- **Work order**
Beneath this instruction is a listing; print exactly the lines in it starting at the line that contains "in a .csv file." and going through the line that contains "L (in m) of the flat plate.".

··· Record extracts ···

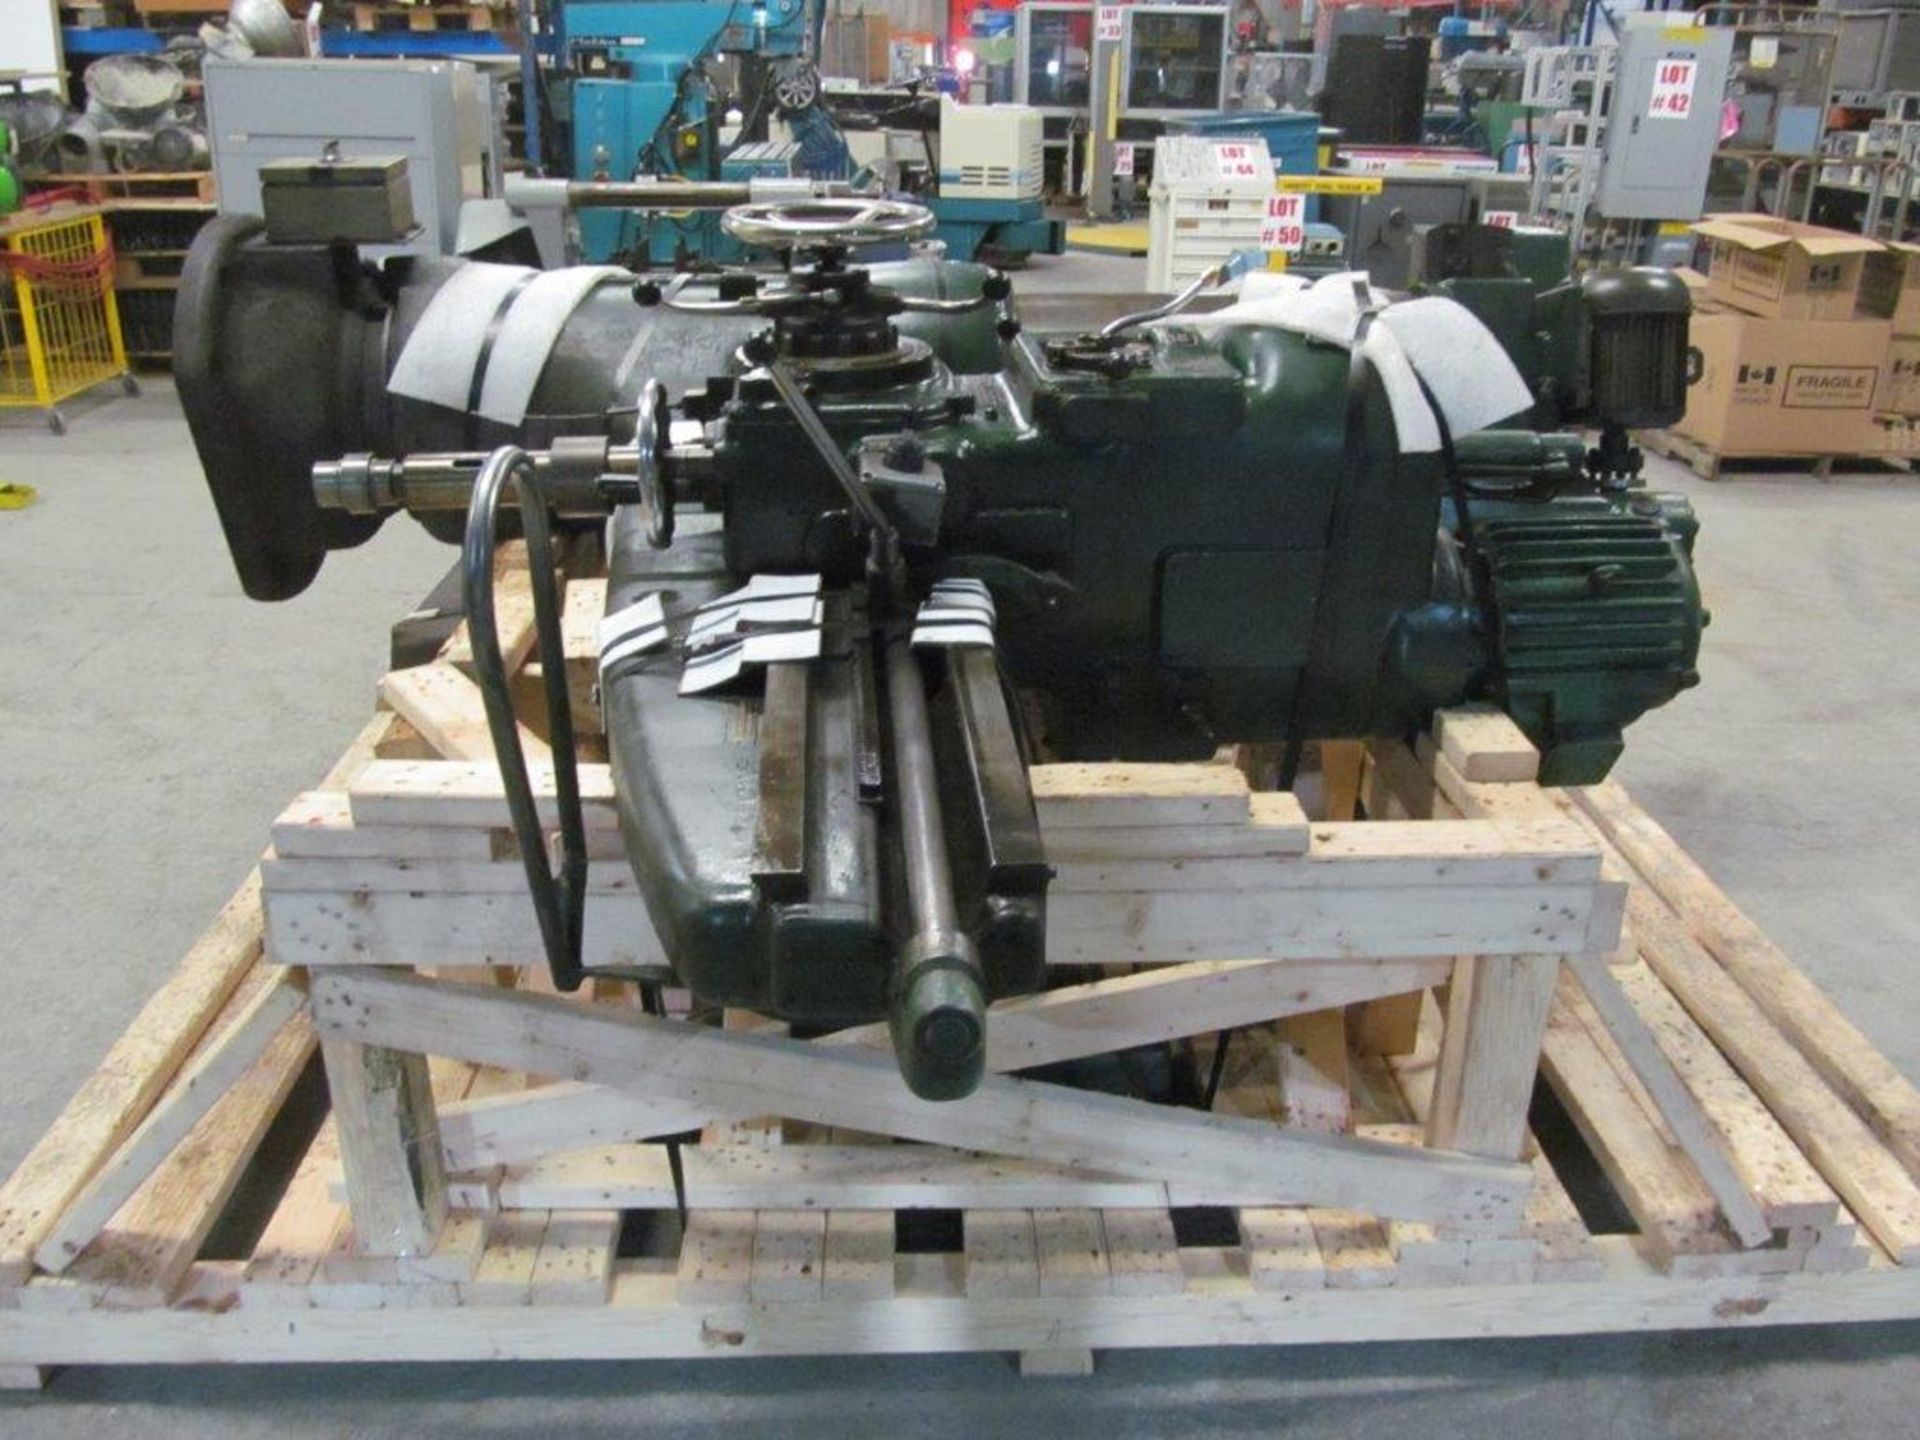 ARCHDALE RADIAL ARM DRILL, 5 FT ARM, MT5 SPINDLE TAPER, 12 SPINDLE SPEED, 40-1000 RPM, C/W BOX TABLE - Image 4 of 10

···
··· Record extracts ···

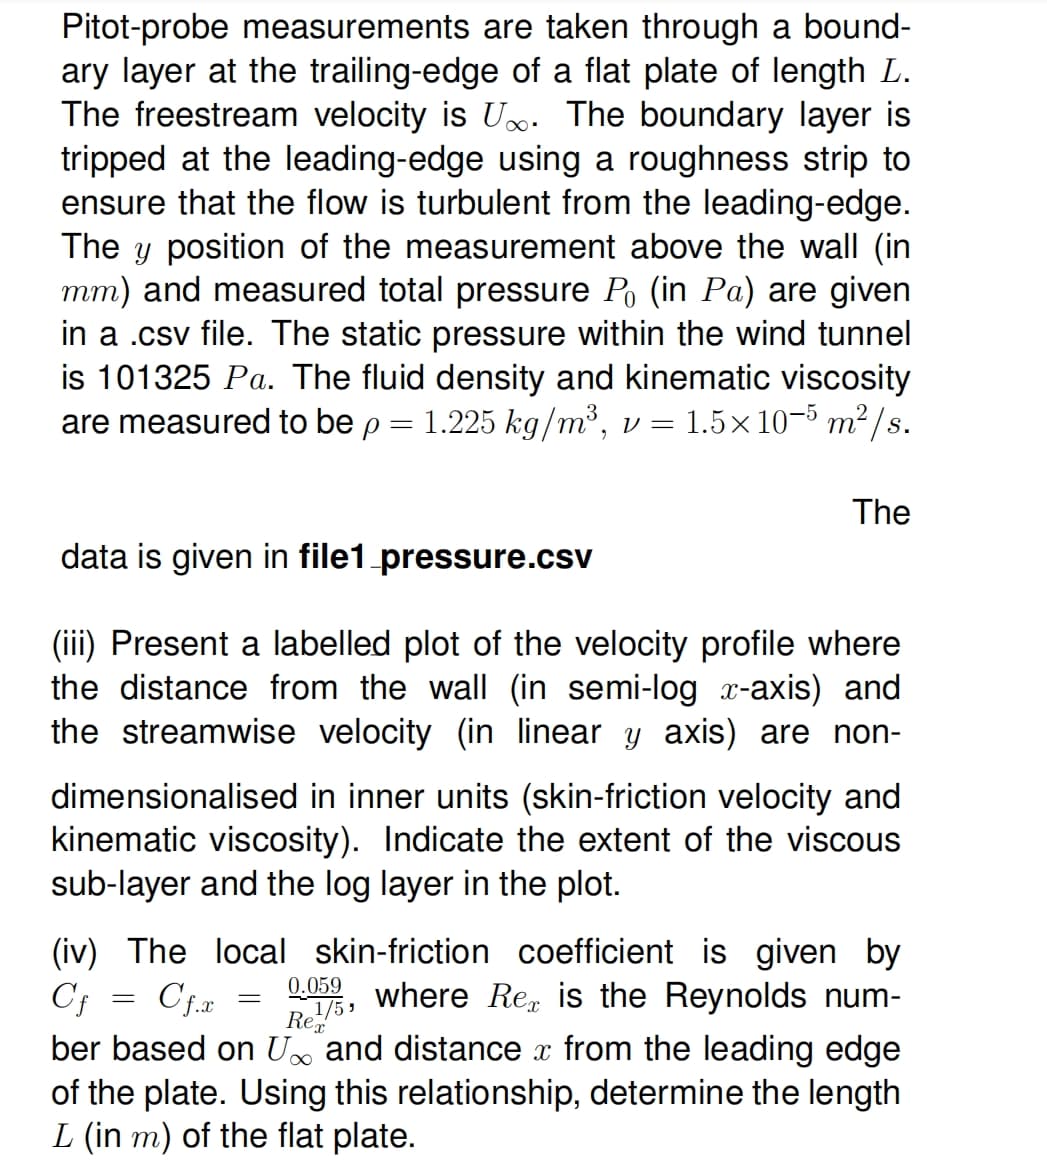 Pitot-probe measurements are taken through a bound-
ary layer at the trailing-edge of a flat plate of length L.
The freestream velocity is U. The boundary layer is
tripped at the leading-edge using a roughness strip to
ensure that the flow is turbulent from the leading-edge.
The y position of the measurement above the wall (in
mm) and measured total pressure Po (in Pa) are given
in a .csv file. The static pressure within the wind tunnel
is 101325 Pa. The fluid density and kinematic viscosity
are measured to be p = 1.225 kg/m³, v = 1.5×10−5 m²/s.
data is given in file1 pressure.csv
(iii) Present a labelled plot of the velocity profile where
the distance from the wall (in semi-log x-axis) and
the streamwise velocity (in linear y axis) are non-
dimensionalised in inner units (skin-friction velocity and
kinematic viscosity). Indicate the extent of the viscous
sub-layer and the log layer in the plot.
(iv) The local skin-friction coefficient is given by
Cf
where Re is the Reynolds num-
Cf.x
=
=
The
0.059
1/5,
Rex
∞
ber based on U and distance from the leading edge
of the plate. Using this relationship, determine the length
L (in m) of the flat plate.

···
··· Record extracts ···

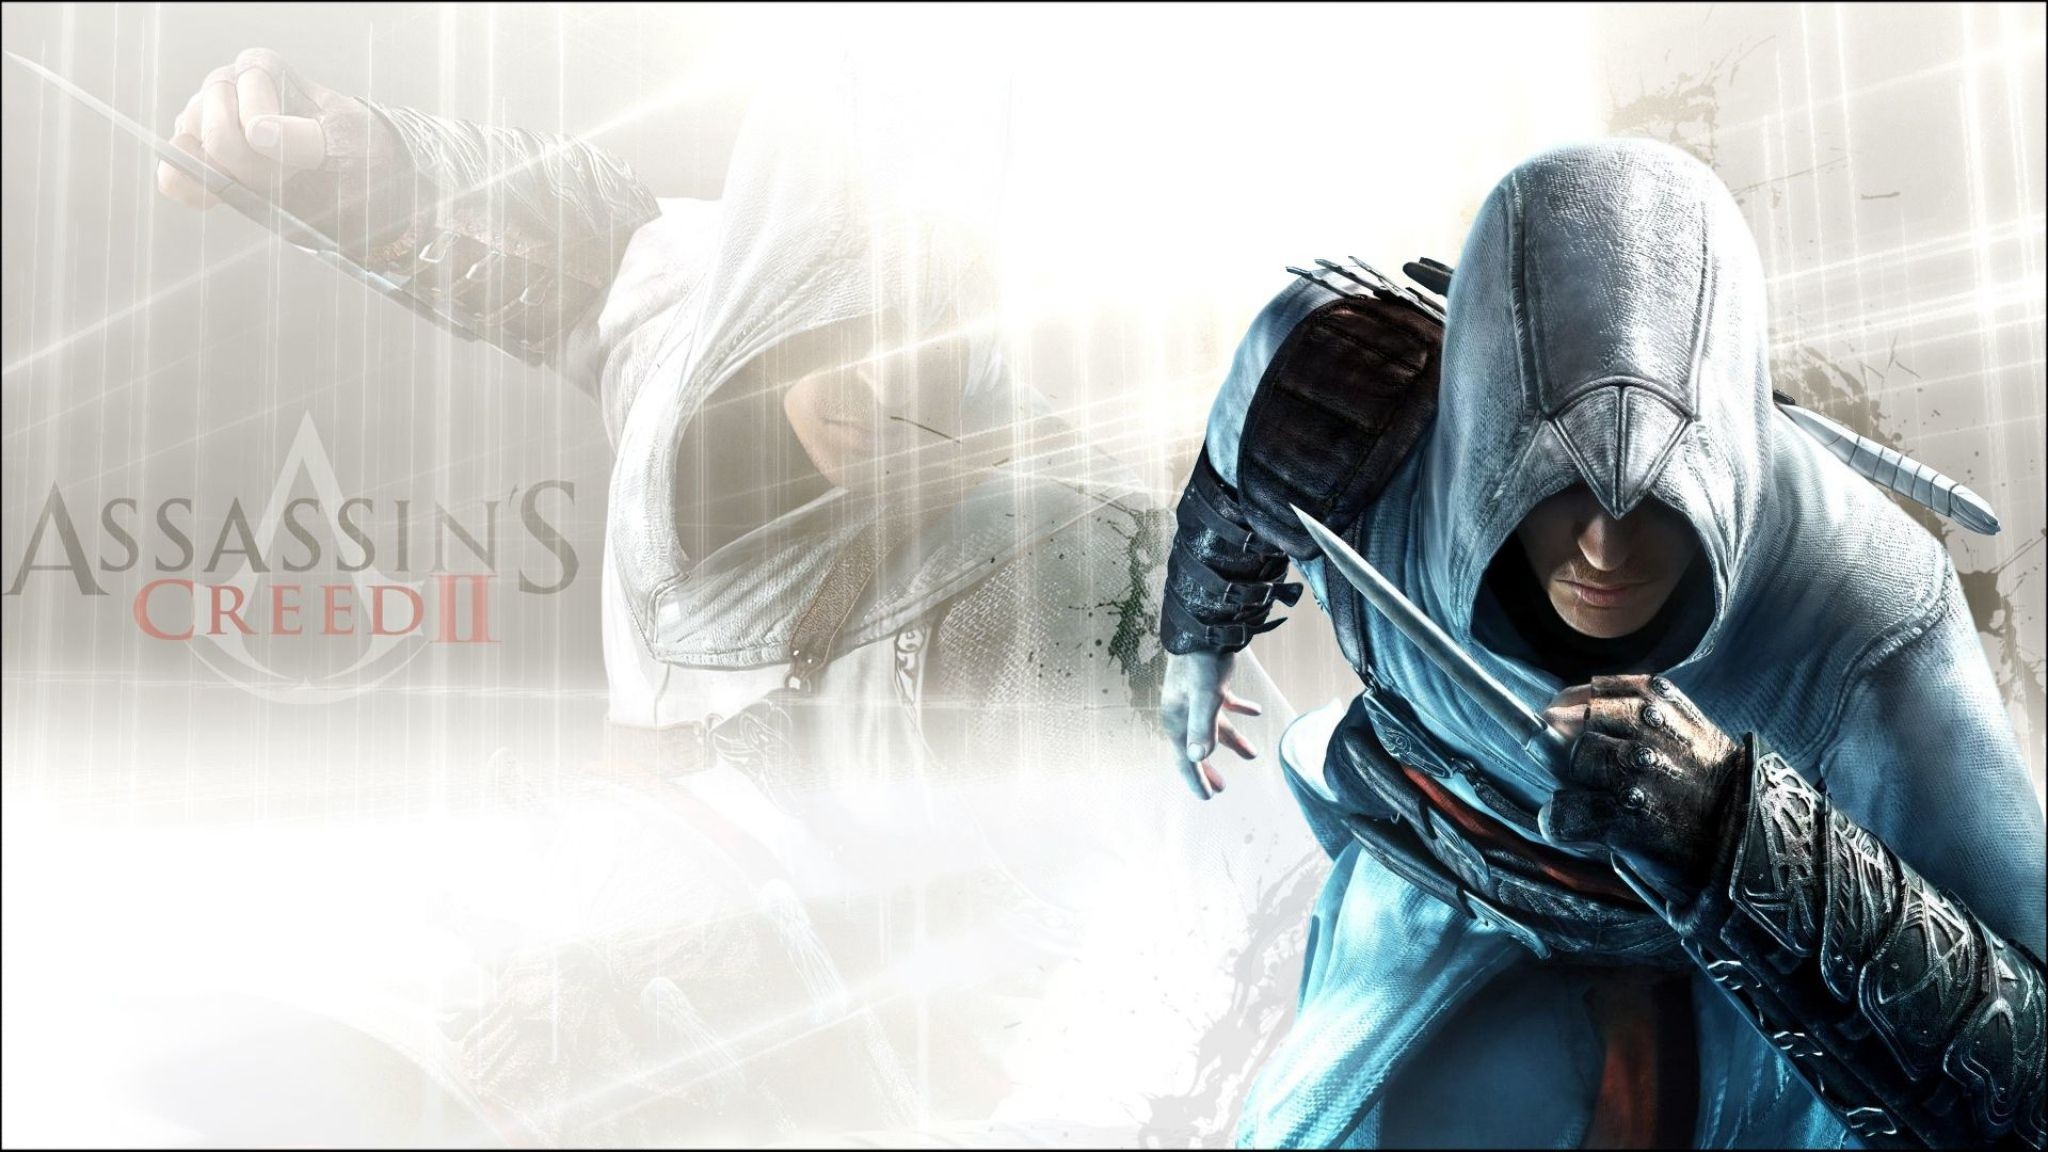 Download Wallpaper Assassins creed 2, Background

···

- **Exercise solution**
in a .csv file. The static pressure within the wind tunnel
is 101325 Pa. The fluid density and kinematic viscosity
are measured to be p = 1.225 kg/m³, v = 1.5×10−5 m²/s.
data is given in file1 pressure.csv
(iii) Present a labelled plot of the velocity profile where
the distance from the wall (in semi-log x-axis) and
the streamwise velocity (in linear y axis) are non-
dimensionalised in inner units (skin-friction velocity and
kinematic viscosity). Indicate the extent of the viscous
sub-layer and the log layer in the plot.
(iv) The local skin-friction coefficient is given by
Cf
where Re is the Reynolds num-
Cf.x
=
=
The
0.059
1/5,
Rex
∞
ber based on U and distance from the leading edge
of the plate. Using this relationship, determine the length
L (in m) of the flat plate.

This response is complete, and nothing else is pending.